Julie Gathoni Sumira Gìchūrū (born 7 January 1974, Nairobi) is a Kenyan businesswoman, entrepreneur and media personality with investments in media, fashion retail and entertainment sectors. She is an independent director at Acumen Communication Limited and is a fellow and trustee of the Africa Leadership Initiative EA.

== Education background ==
Gìchūrū attended St Christophers School in Nairobi at the age of eight and later Green Herald in Bangladesh. She came back to Kenya and joined Karen C school before transferring to Loreto Convent Msongari. In form two, she transferred from 8-4-4 system to a GCE boarding school and joined Imani School in Thika for Form 3 and 4. After attaining her Kenya Certificate for Secondary Education, she joined USIU for two semesters before transferring to the UK for a one-year pre-university course at the University of Warwick, then joining University of Wales for her law degree. After completing her law degree, she worked for a year before proceeding with a master's in Business Administration at the same university. She holds an LLB Law and an MBA in Business Administration from Cardiff Law School, University of Wales and Cardiff Business School, University of Wales respectively.

== Career ==
Julie Gìchūrū initially worked at Capital FM before moving to television as a reporter and news anchor at Kenya Television Network. She appeared in the Kenyan investigative TV series, The Inside Story, on Kenya Television Network as well as current affairs shows at NTV (Kenya) including political and current affairs programs Showdown, On the Spot, You The Jury and The People's Voice, and the news program Sunday Live and peace and reconciliation program Fist to Five at Citizen TV. Also included in this list is the post-election peace special Voices of Reason. Through ARIMUS Media Limited Gìchūrū now oversees the production of African content such as Africa Leadership Dialogues, the High School debate platform Great Debaters Contest, entertainment series Maisha and a pipeline TV production of the Fatuma's Voice social Forum. The Footprints Africa Foundation (FAF) was established by Anthony and Julie Gìchūrū.
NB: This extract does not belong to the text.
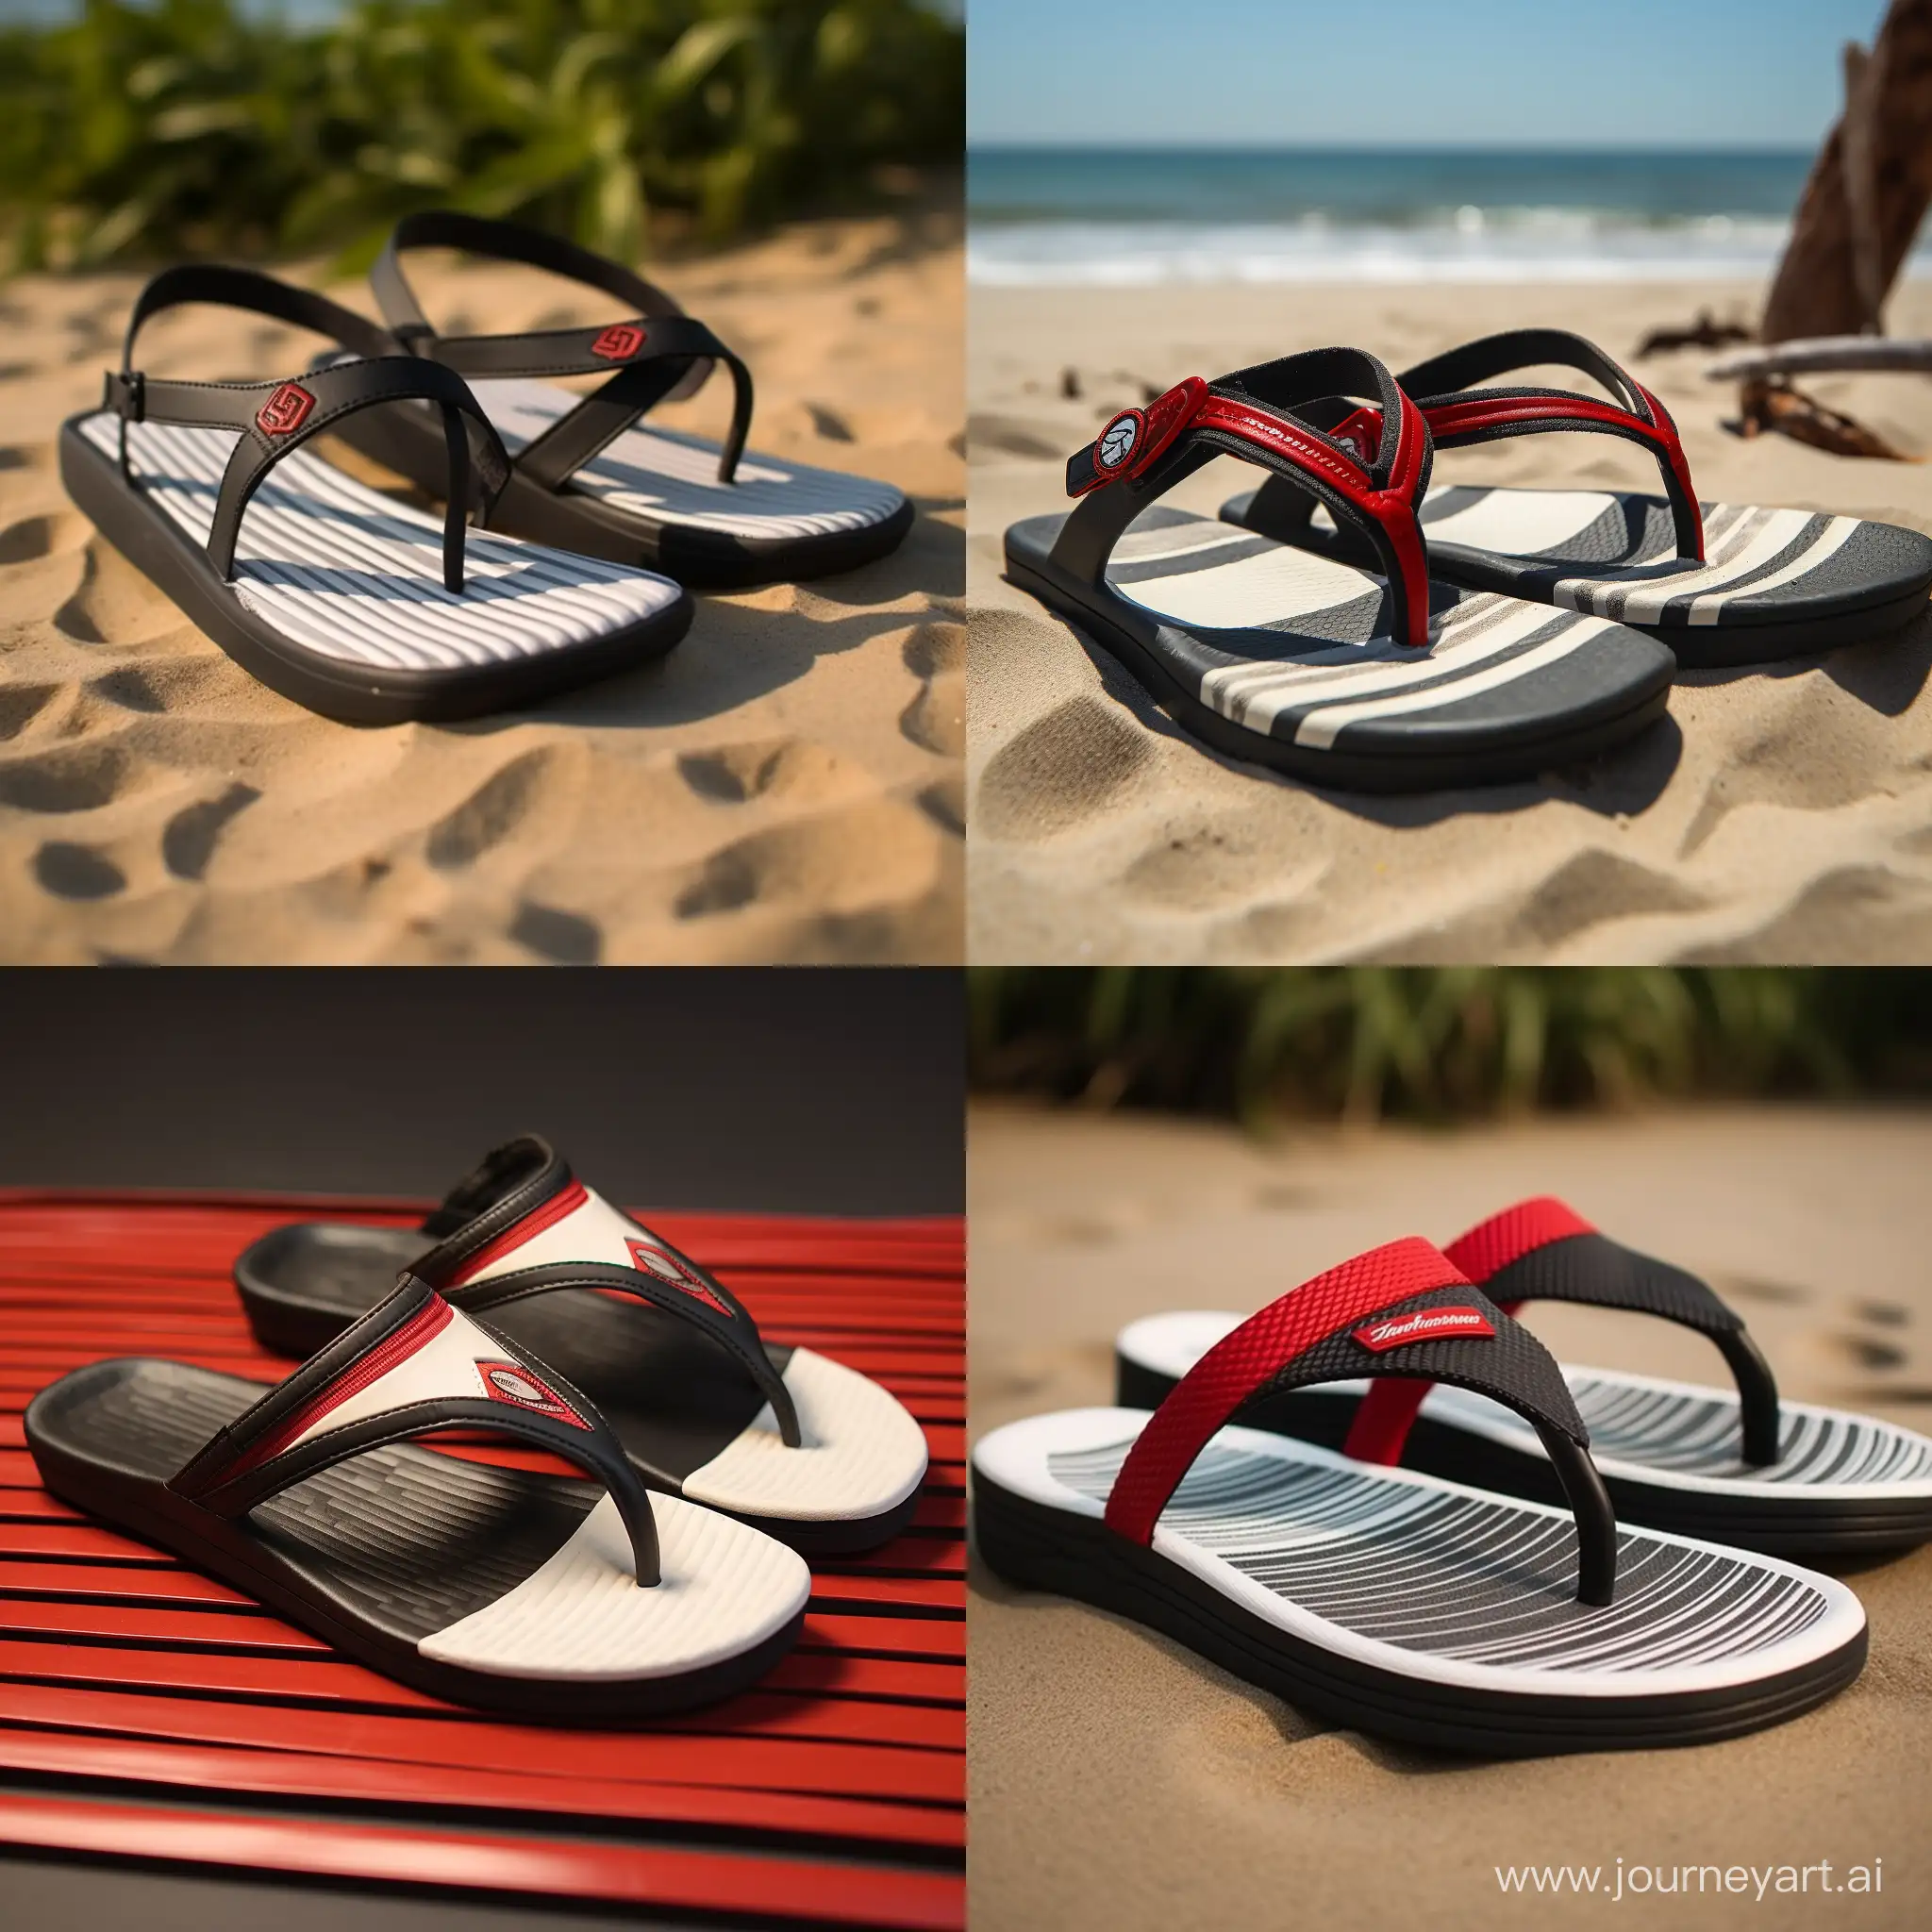 Stylish-Brazilian-Havaianas-Flip-Flops-with-Black-and-Red-Stripes-Fashionable-Comfort-for-Any-Occasion

She is the founder, president and CEO of the Africa Leadership and Dialogue Institute (ALADI). From 2019, she was the public affairs and communications officer for the Mastercard Foundation. Through her social media profiles, she announced leaving the foundation on October 2, 2024.

== Awards ==
She is a recipient of the Martin Luther King Salute to Greatness Award. Avance Media listed her as one of the 100 Most Influential African Women of 2019, and New African listed her as one of the 100 Most Influential Africans of 2017 and 2019. Besides she was recognized as the Young Global Leader by the World Economic Forum in 2010.

== Personal life ==
Gìchūrū is married to entrepreneur Anthony Gìchūrū. They have had four children.